El Transiberiano italiano
DP.

Manual para comprender el Transiberiano italiano,  uno de los trenes más sugestivos del Belpaese. Un recorrido atravesando los Apeninos centrales, entre las estaciones de Sulmona e Isernia. Nieve, sol, ovejas y un enjambre bucólico de ninfas imaginarias conforman la postal, siempre camaleónica en función de la estación o del estado del alma.

Sulmona es un pueblo italiano (veinte mil habitantes) inmerso en la provincia de L’Aquila. Está situado en el corazón de los Abruzos, próximo al Parque Nacional de la Maiella, que abraza los Apeninos centrales.

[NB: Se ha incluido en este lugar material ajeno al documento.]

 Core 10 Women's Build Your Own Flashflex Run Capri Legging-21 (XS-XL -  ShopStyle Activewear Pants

Allí nació el inmortal poeta latino Ovidio: «Sulmo mihi patria est, gelidis uberrimus undis, milia qui novies distat ab Urbe decem» (Mi patria es Sulmona, rica de gélidas aguas, que dista de Roma nueve veces diez millas).

Es ahí, en su espartana estación, donde comienza, o bien termina, el Transiberiano italiano. Su trayecto. Una postal imponente de un país eminentemente joven, contradictorio, bello, grácil… En una tierra, otrora, de bandidos y disputas, de Borbones, condes y obispos, de fronteras y cicatrices de la guerra, de errores y redenciones, de tribus.

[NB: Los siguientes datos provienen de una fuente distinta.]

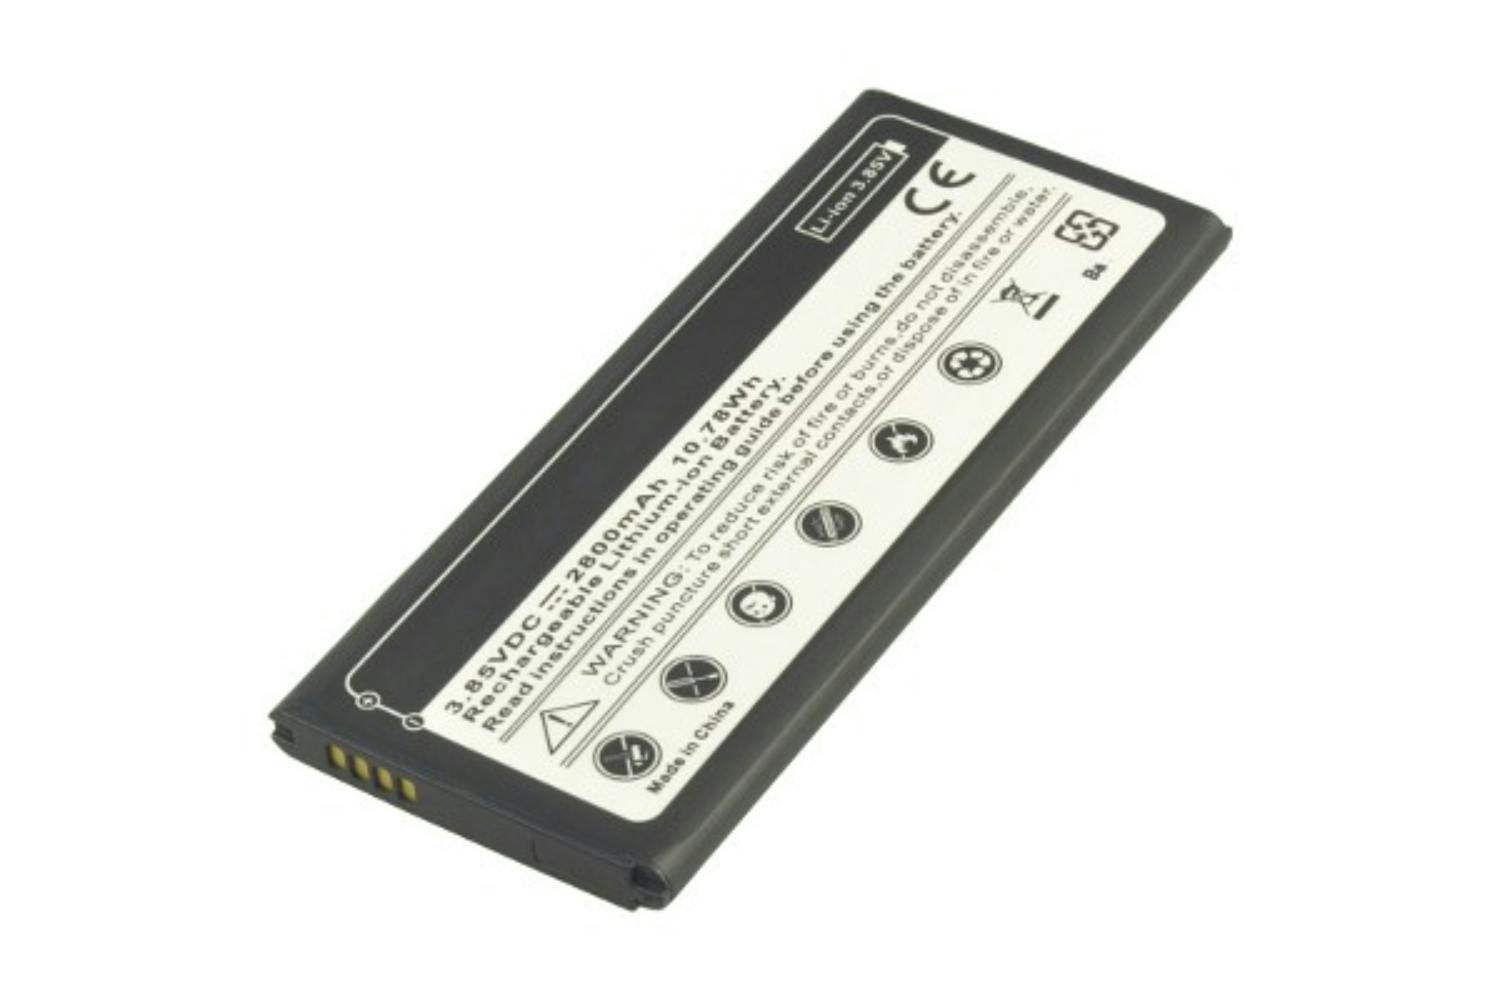 2-Power MBI0156A 3200mAh Smartphone Battery

Una vez dijo Borges que Italia escondía todos los secretos del mundo, aunque los custodiaba en miniatura, con mucho celo y cuidado de no romperlos. Quizás aquí también hay algo de esa totémica ferrovía que atraviesa la Siberia, desde Moscú hasta Vladivostok. En este caso, los kilómetros no son diez mil sino 128,73: la distancia menguante entre Sulmona e Iserna, ya en la región de Molise.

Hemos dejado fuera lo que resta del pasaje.